Q: “Why does our stamped-concrete deck in West Cobb feel like a skillet by 2 p.m.?” A: Because at 92°F ambient on a full-sun lot, dark stamped concrete hits 141°F surface temperature — a number that exceeds the 118°F barefoot-tolerance threshold by 23 degrees and ends the pool afternoon in tears.

Marietta’s full-sun pool decks are a specific physics problem. West Cobb yards carved out of old pasture, new Atlanta Country Club infills with south-facing orientations, and the open Walton Woods and Brookstone lots all share one thing: no shade. Kennesaw Mountain breaks wind on the north side of the city, but it does nothing for solar load. On a July afternoon in 30064, we have measured the same backyard deliver four completely different surface temperatures — at the same moment, on the same slab orientation, in the same shade conditions — based purely on which paver the homeowner chose three years earlier.

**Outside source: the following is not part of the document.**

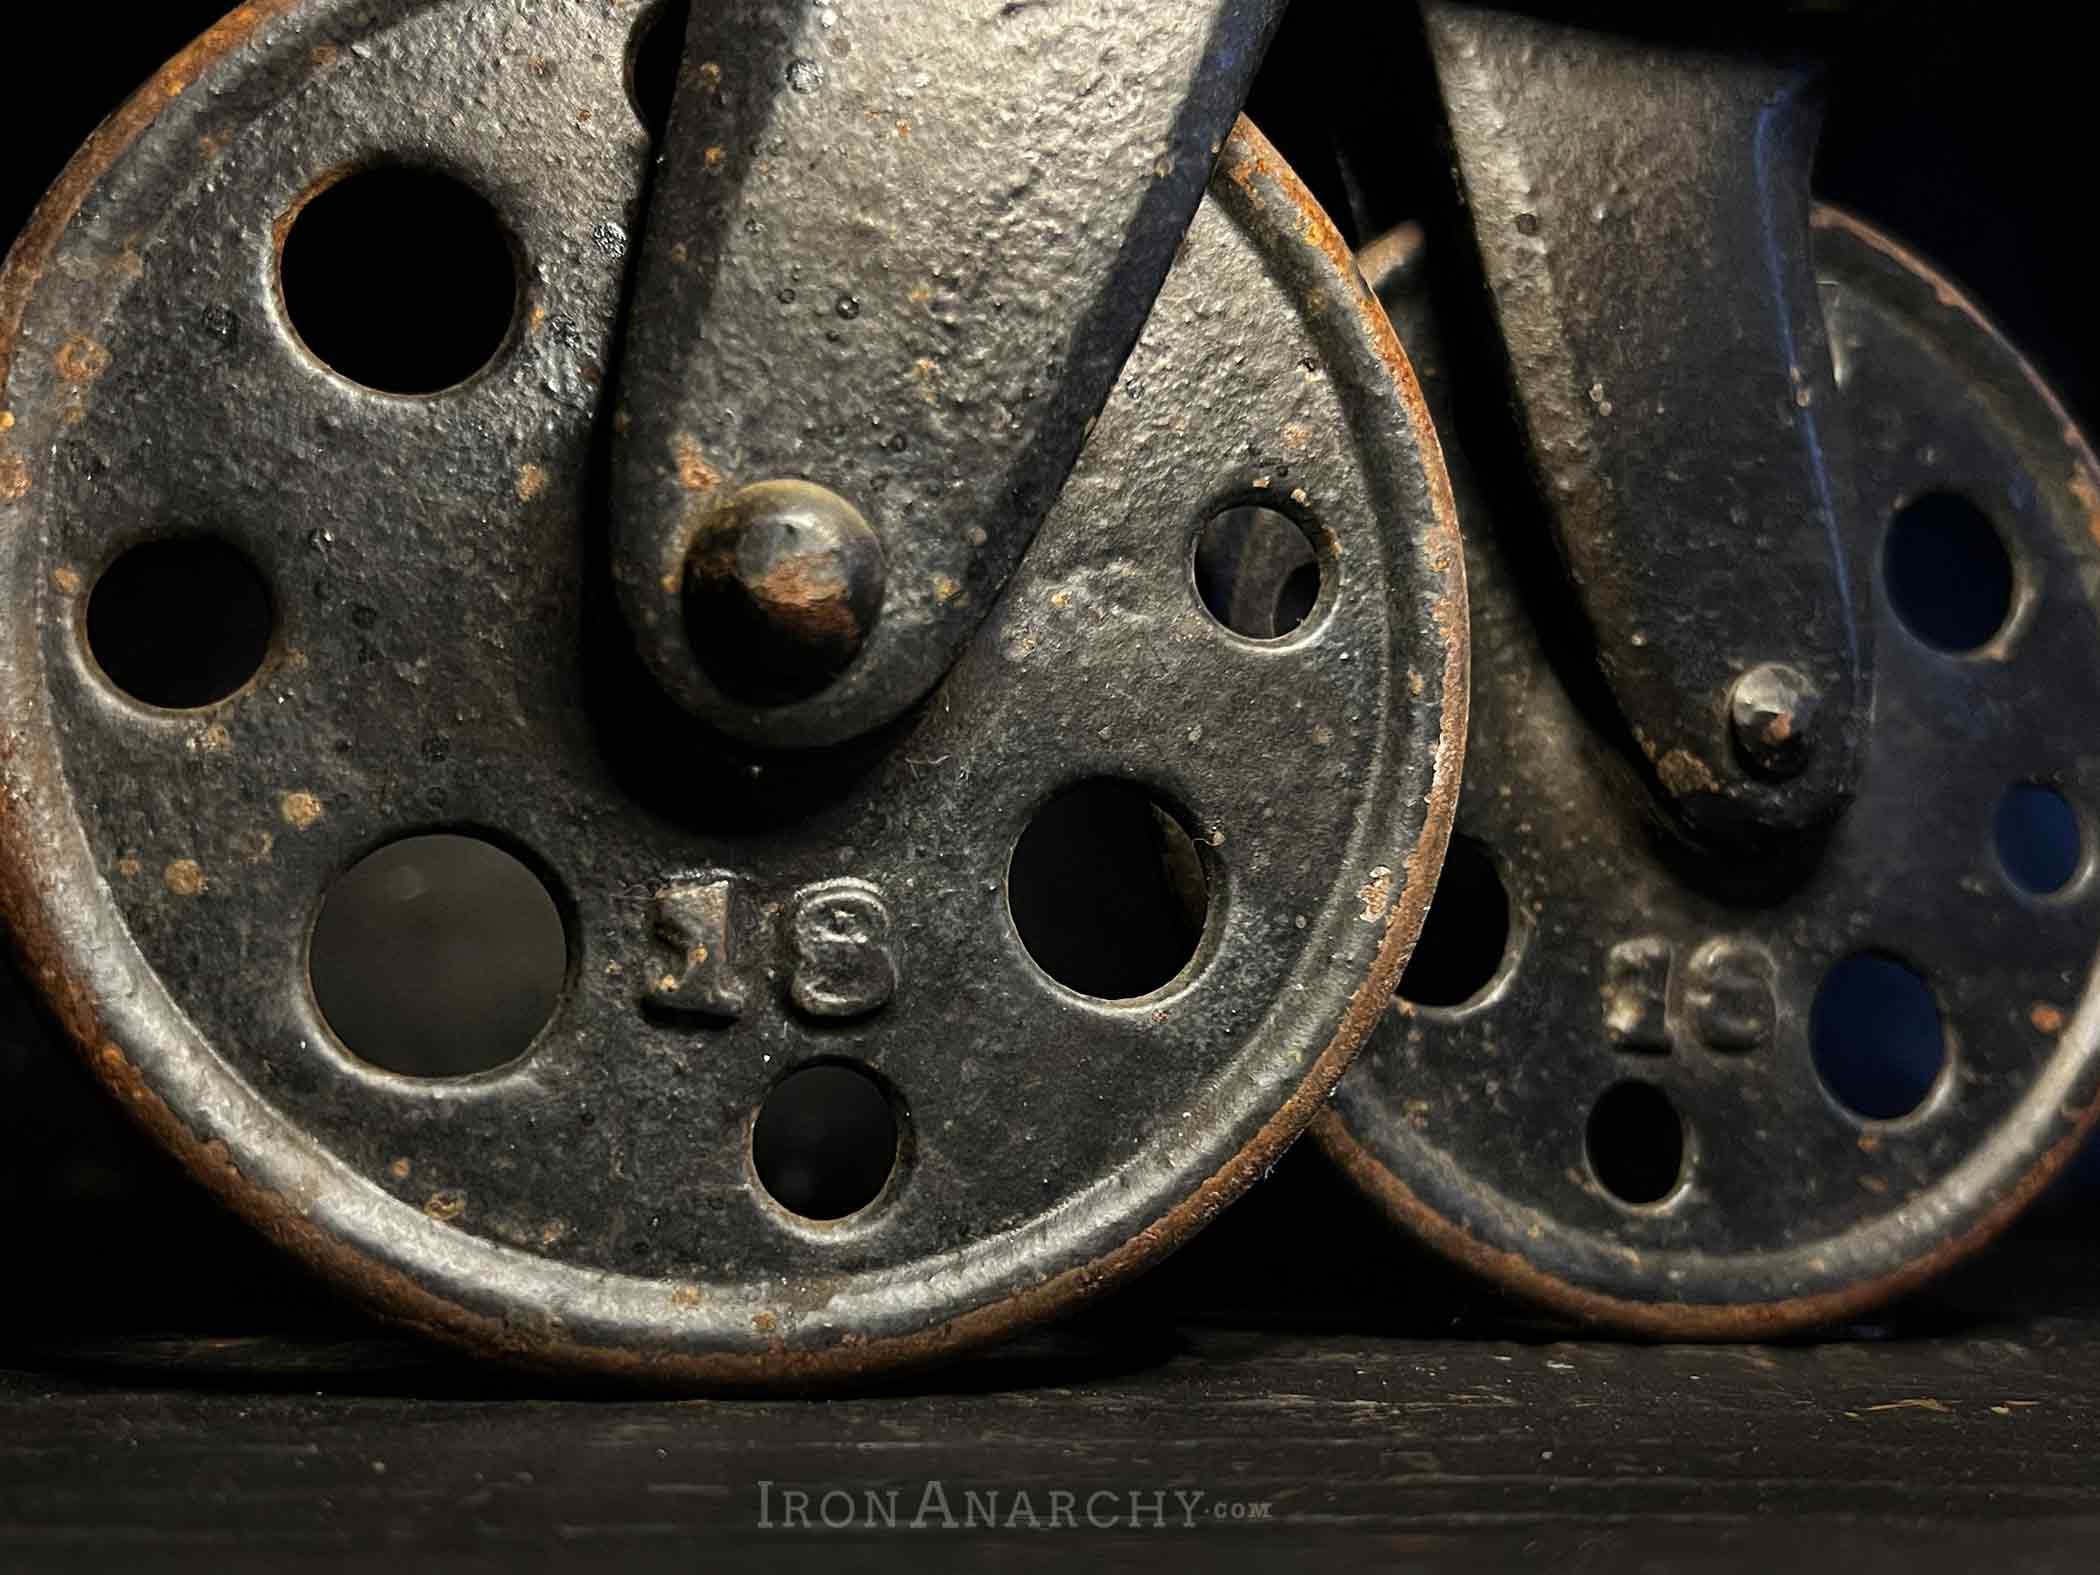 Antique Industrial Factory Cart Caster Wheels

This guide is the result of surface-temp readings we have logged across Marietta pool-deck projects over the last six cooling seasons. Infrared thermometer, 92°F ambient, 2 p.m. reading, deck oriented full south, no cloud cover, no wet footprints. Same protocol every time. The numbers below are the ones that matter when a six-year-old makes the dash from chaise to water.

Marietta poolside deck in full sun with broom-finish concrete, iron fence, and orange umbrella shade zone
East Cobb side-yard rectangle — concrete deck reads 134°F at 2 p.m. when the umbrella is closed; umbrella zone drops to 104°F.

The 118°F Barefoot Threshold (And Why It Matters in Marietta)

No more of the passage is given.